San Francisco 49ers cornerback Richard Sherman is 30 years old and playing in his eighth NFL season. While that may not seem old to most, in football years, especially for a cornerback, it is getting up there.

Sherman has played at a high level for the majority of his career. He sustained a significant injury over a year ago when he suffered a ruptured Achilles as a member of the Seattle Seahawks. Sherman appeared to be returning to form when a calf injury during Week 3 set him back and forced him to miss two of the next four games.

Sherman has felt healthier over the past month or so. He has started each of the 49ers' past five games, and his name has been absent on recent injury reports.

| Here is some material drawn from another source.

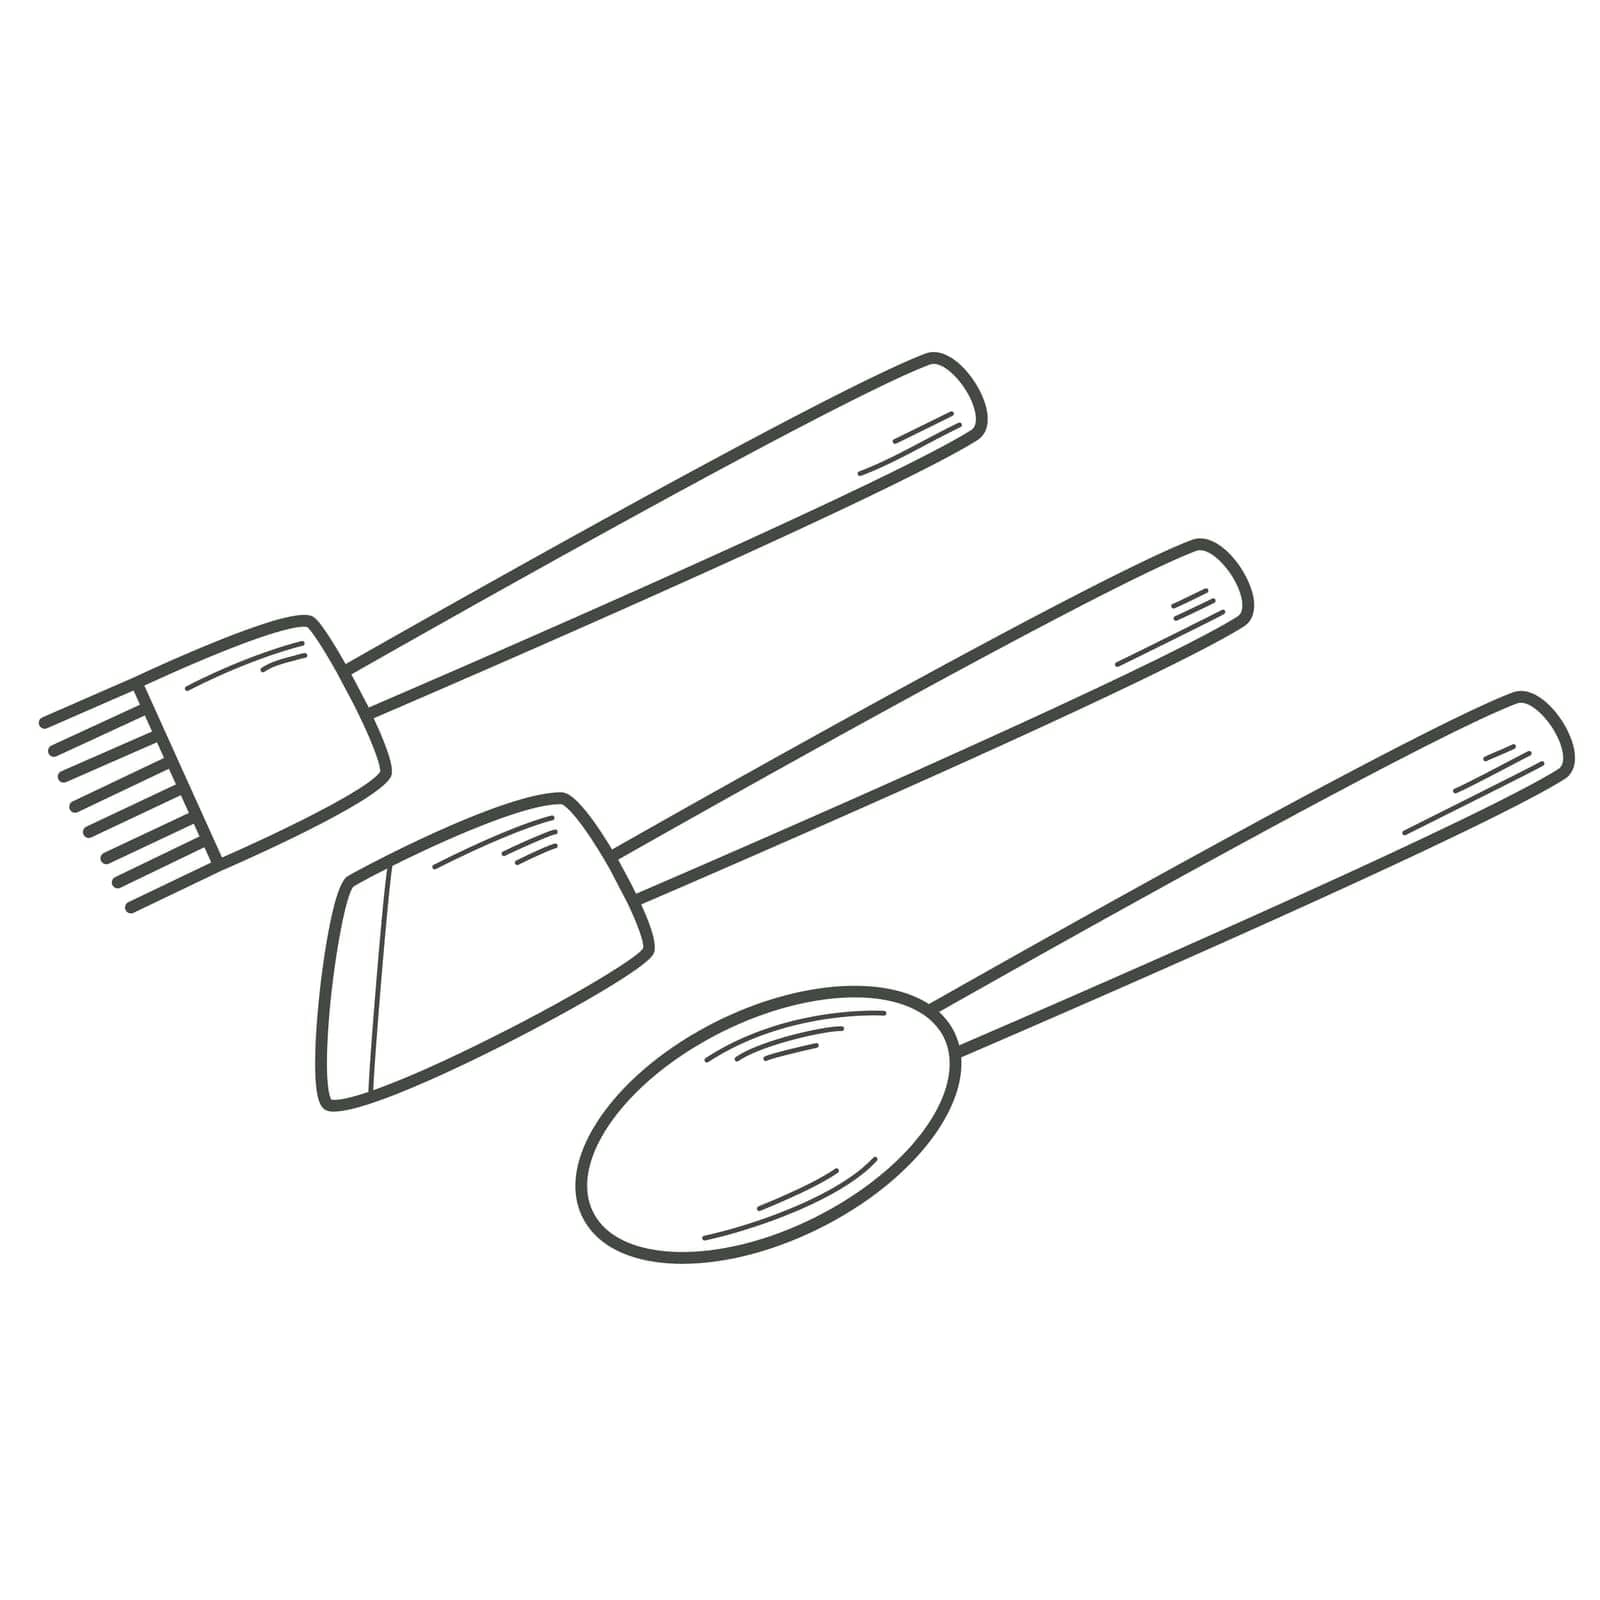 Kitchen spatula doodle sketch style. Cooking set spoon, brush, spatula art. Simple hand drawn ink icon isolated vector illustration

"I've been fighting it all season," Sherman told reporters on Thursday. "Probably over the last three or four weeks, it's just felt like my body has finally had enough time to reset, hit the reset, and take another step."

Eventually, Sherman will have to consider a transition. Several defensive backs have played into their late 30s, but Sherman doesn't envision himself doing that.

"I think 35 is probably my cutoff," Sherman admitted. "They'd have a hard time getting me out of the bed at 35 to go play. So I think I have about four or five more (years) in me."

Sherman could also see himself at a different position before then.

"At some point, everybody makes the transition to safety if you're smart enough to play that game," he continued. "I'll probably do that in a couple of years or whenever the team needs (me to do so)."

Charles Woodson made a similar transition later in his career.

"It's definitely something that I've looked at and something I've talked to [Woodson] about," Sherman said. "A lot of times, in this game, playing corner, you see the whole field, but you really only see like half the field. At free safety, you get to see the whole field. You get to make an impact. You always see where the ball goes.

"At corner, I've had games where I haven't gotten a look or thrown at. At safety, you can see exactly where the ball goes. You can make an impact. You can find a way to get in on every tackle, just about, because you're in the center of everything — kind of like MIKE.

"It's something that I'm definitely going to consider later in my career, and hopefully I'll be just as good there."